O jurista explica que após os 30 dias-limite, em até 10 dias é enviada uma carta de pré-notificação do déficit pelo Correios, por meio da Central da CDL e SPC/Brasil. “Muitas vezes o susto é grande por parte do proprietário do imóvel que nem sequer sabe da dívida do condomínio e quando recebe a notificação, fica ciente do atraso condominial. Normalmente eles vêm resolver, porém, quando não há acordo é penhorado primeiro dinheiro em conta corrente e em último caso, o imóvel para a quitação, contudo o prazo é rápido, três dias apenas”, destaca.

A mudança na legislação foi positiva, entretanto não tão efetiva como deveria, de acordo com o síndico de dois prédios que concentram 296 apartamentos em Cuiabá, Everson Zuliani Rosa. “As publicidades dadas aos débitos em condomínios por meio da lei ajudaram a coibir a inadimplência, deixou os devedores mais preocupados em liquidar a dívida, entretanto há casos que se arrastam por anos na Justiça”.

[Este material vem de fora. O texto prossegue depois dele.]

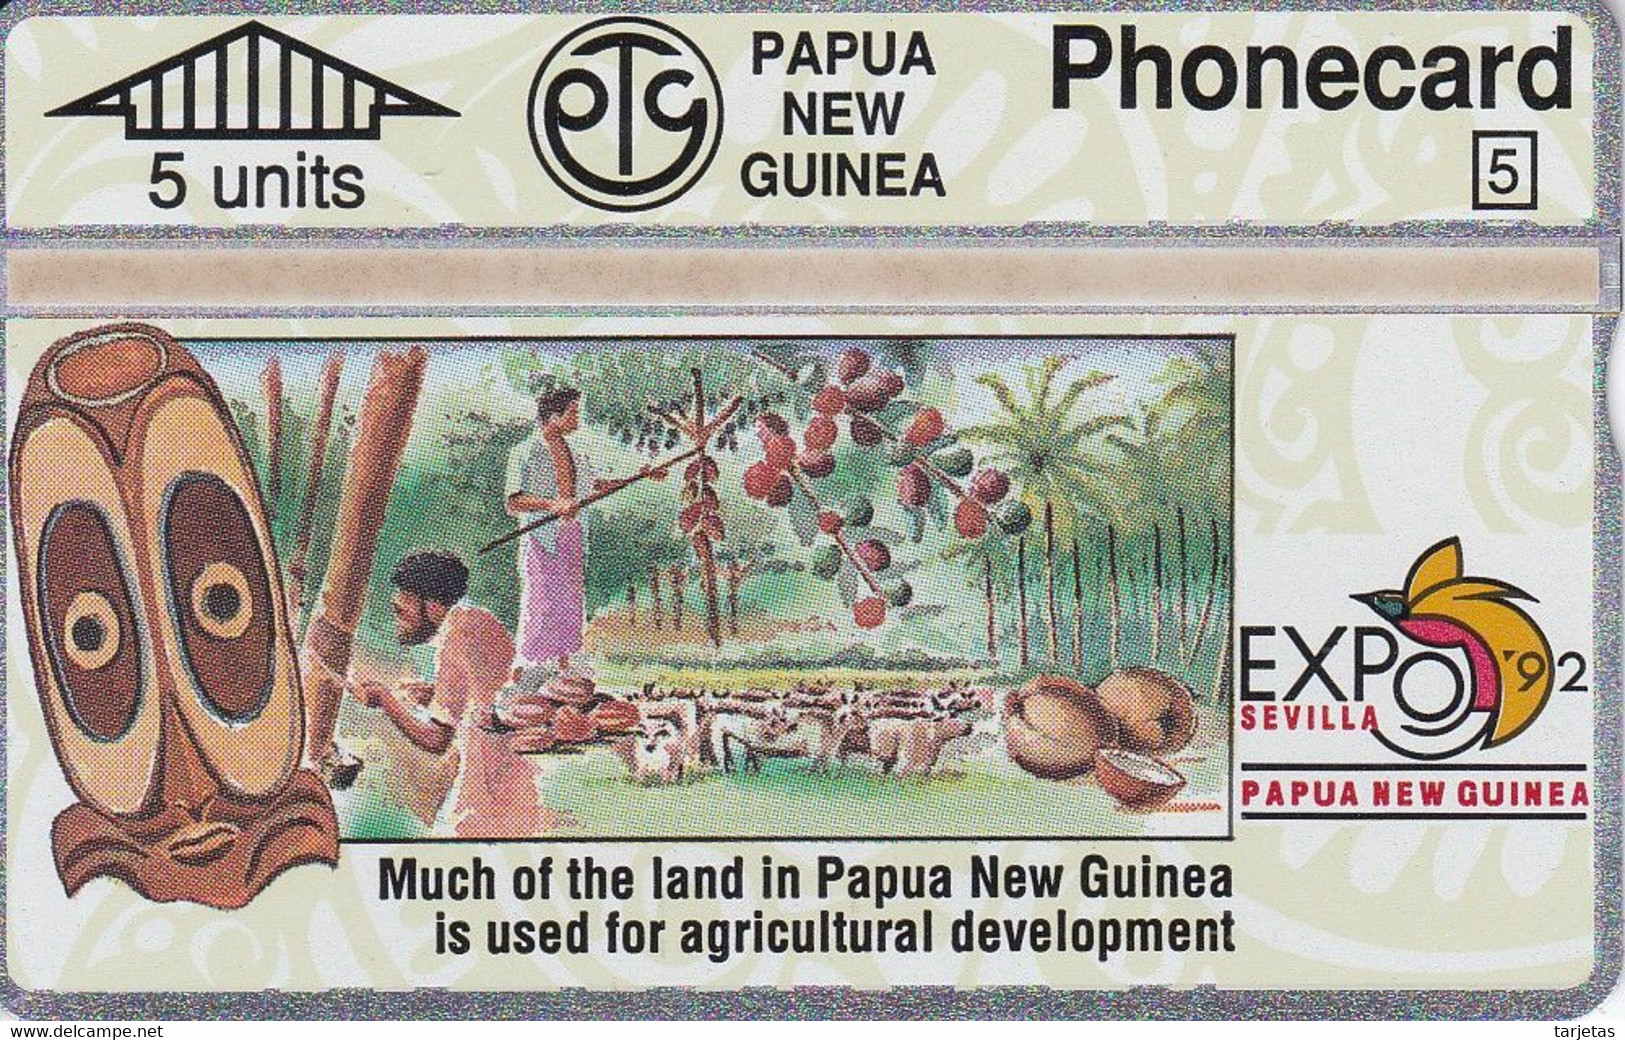 TARJETA DE PAPUA Y NUEVA GUINEA EXPO 92 SEVILLA (203A) (NUEVA-MINT) - Papouasie-Nouvelle-Guinée
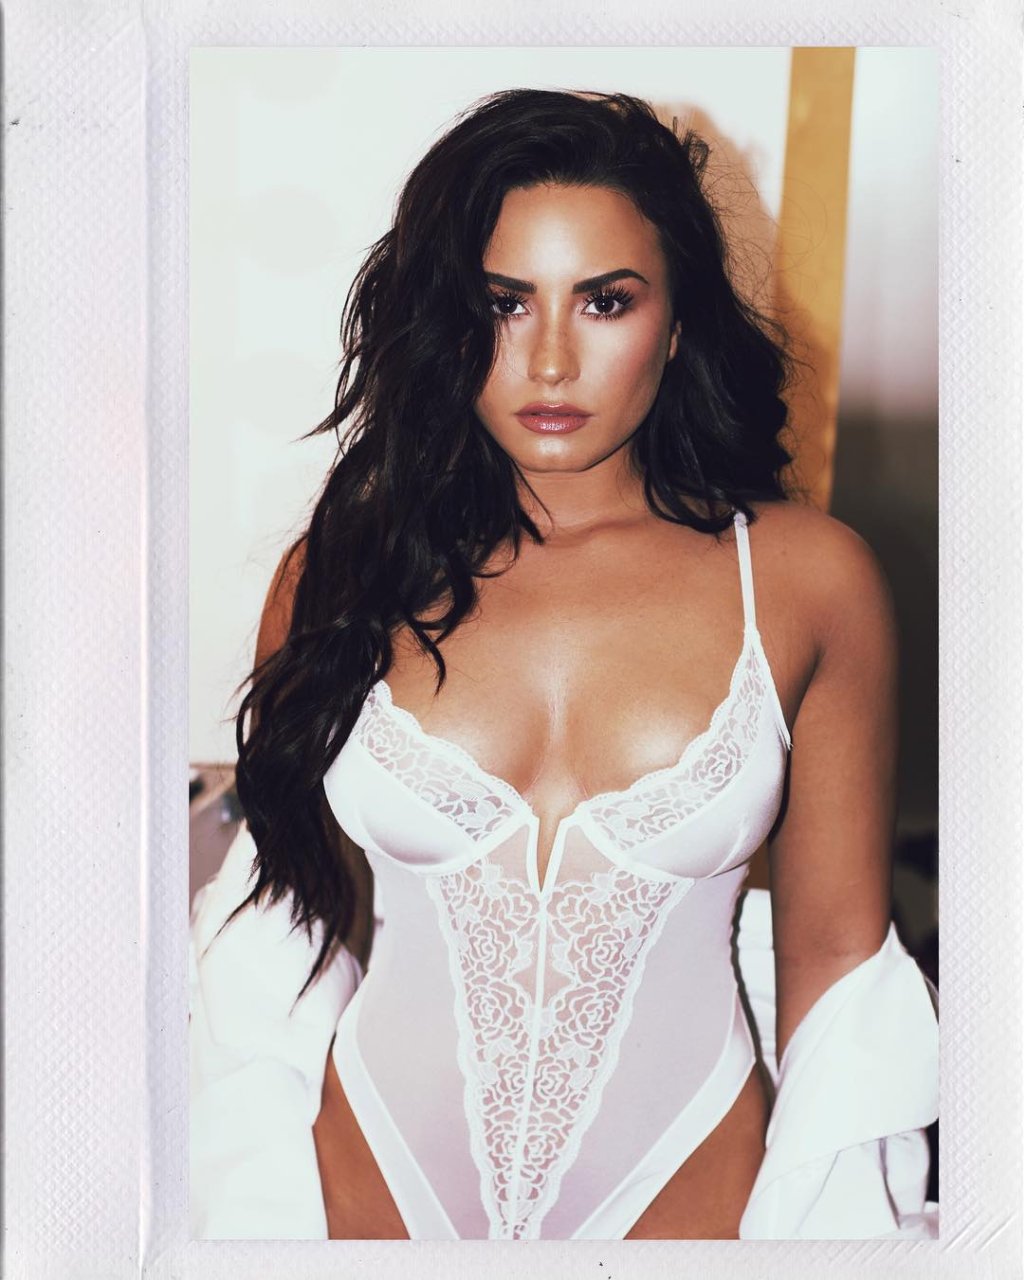 Black Lesbian Porn Demi Lovato - Demi Lovato Nude Photos and Videos | #TheFappening

Para driblar a inadimplência, o síndico aponta outra alternativa que adota para receber o crédito. “Nosso condomínio não negativa o inadimplente, priorizamos o processo administrativo, no entanto a partir dos 60 dias de atraso e quando se esgotam todas as tentativas de acordos. Preferimos o ajuizamento porque ele não possui validade temporal, enquanto que a inscrição nos meios de proteção ao crédito exclui a dívida em cinco anos”.

Everson ressalta que a execução imediata garantida pela legislação facilita saldar o débito, diferente do que acontecia anteriormente que, em diversos casos se prolongava na Justiça. “Hoje é bem rápido, a partir dos 30 dias entramos em contato com o devedor, ele tem até o 60º dia para negociar a pendência. Se não o fizer nesse período, aí sim é que entramos com a demanda judicial. O inadimplente também perde benefícios no condomínio, a exemplo do direito a uso da churrasqueira e salão de festas. Todas as penalidades foram aprovadas em assembleia geral. Ainda assim temos uma taxa de inadimplência do condomínio de 8%”.

Como incentivo aos adimplentes, o condomínio gerido por Everson oferece desconto de 10% do valor total da taxa para quem pagar até a data acordada em assembleia.

Os novos preceitos do CPC quanto aos pagamentos de cotas condominiais estão disciplinados no artigo 784, inciso X. Nele estão elencadas as taxas e despesas de condomínio como título executivo extrajudicial.